Intelligent Information Management Part 2
In my previous post, I quickly introduced the concept of Intelligent Information Management. In today’s post, I discuss Information Lifecycle Management (ILM). ILM is one component of IIM best practices, dealing with the management of data from the moment of its creation up to its disposal. Studies have demonstrated that the rate of access for a given data set drops dramatically after 90 days. In fact some studies claim that currently less than 30% of the data in an enterprise data warehouse (EDW) is actively accessed by users. However, some organizations are responding to data retention regulations by storing data that is accessed very rarely in the data warehouse “just in case”, causing unnecessary database growth and increased TCO. These organizations are essentially using the EDW as a storage device – a very expensive one indeed!
According to ILM principles, data should be classified based on how it is used, and then assigned the corresponding level of service. This could mean archiving or moving the data to a less expensive storage media very quickly. A technique using layered data storage that offers a range of data access speeds – for example, hierarchical storage management – is one way of implementing different service levels. Another approach involves defining data retention rules that classify data according to usage patterns, and moving it accordingly between different data storage providers (hardware and software) until it is deleted when no longer useful. This overall data management process could be described as “data right-sizing”.
Various commercial software packages, such as Solix, HP/RIM, PBS or Optim Solution from IBM, focus on this kind of functionality, but are mainly designed for use with OLTP and ERP systems. Hardware vendors like EMC (Documentum and Centera) and Network Appliances, sometimes in conjunction with software providers such as OpenText, already have a good handle on the problem when it comes to the unstructured and semi-structured data that represents a large portion of the data generated by enterprises. Some RDBMS’s have introduced this concept into their data management tools through the use of data partitioning and compression techniques.

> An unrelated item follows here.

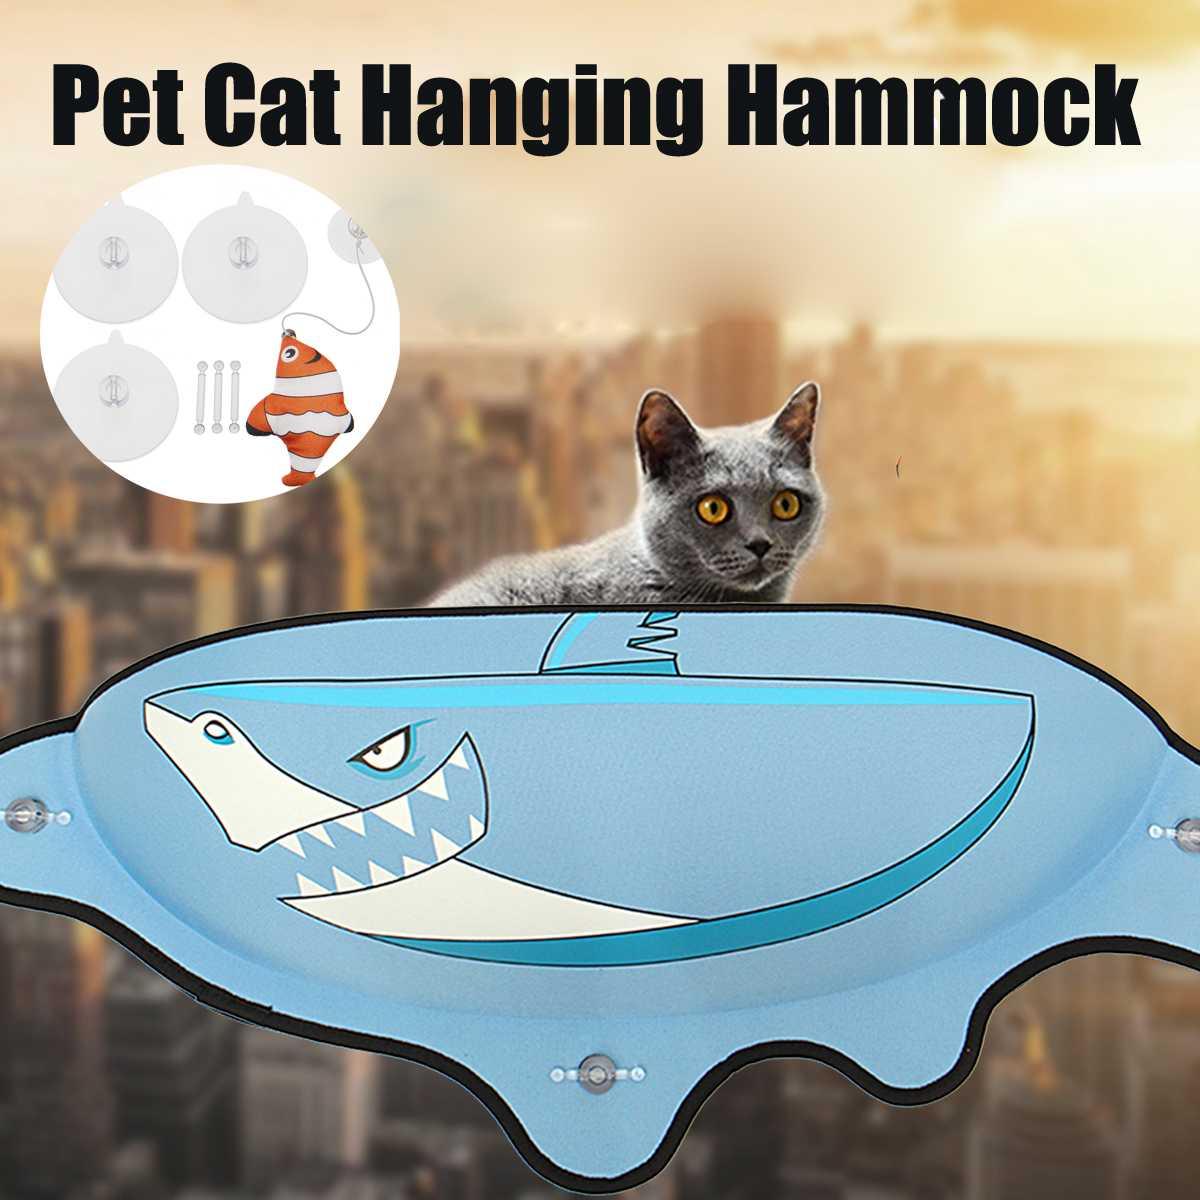 Cat Beds & Mats Temperate Hanging Cat Bed Mat Soft Cat Hammock Window Hammocks Kennels 10kg Cat Safe Hanging Shelf Seat Beds Cover Cushion

SAP has focused on the Enterprise Data Warehouse in introducing the concept of Near Line Storage to enable implementation of ILM in SAP NetWeaver BI. Also, niche players like CopperEye have developed solutions to deal with specific types of data produced by the operation of existing systems, such as application logs or system logs.
The main questions that need to asked about these different approaches are:
- How easy will be to get access to the data when required?
- How easy will it be to apply data model changes to the active data while continuing to have access to the historical data?
- Is the data secure?
- Can the data be used for an audit?
- Can data access be tracked to show who accessed what, and when?
- Can the overall TCO for enterprise data be reduced?
- Can the performance be improved for active (frequently used) data?
My next post will go deeper in answering these questions, and will also describe more advanced techniques for extending Information Lifecycle Management to implement a full Intelligent Information Management approach. This can not only reduce overall TCO, but also improve the ability of the IT organization to deliver “just-in-time” Business Intelligence.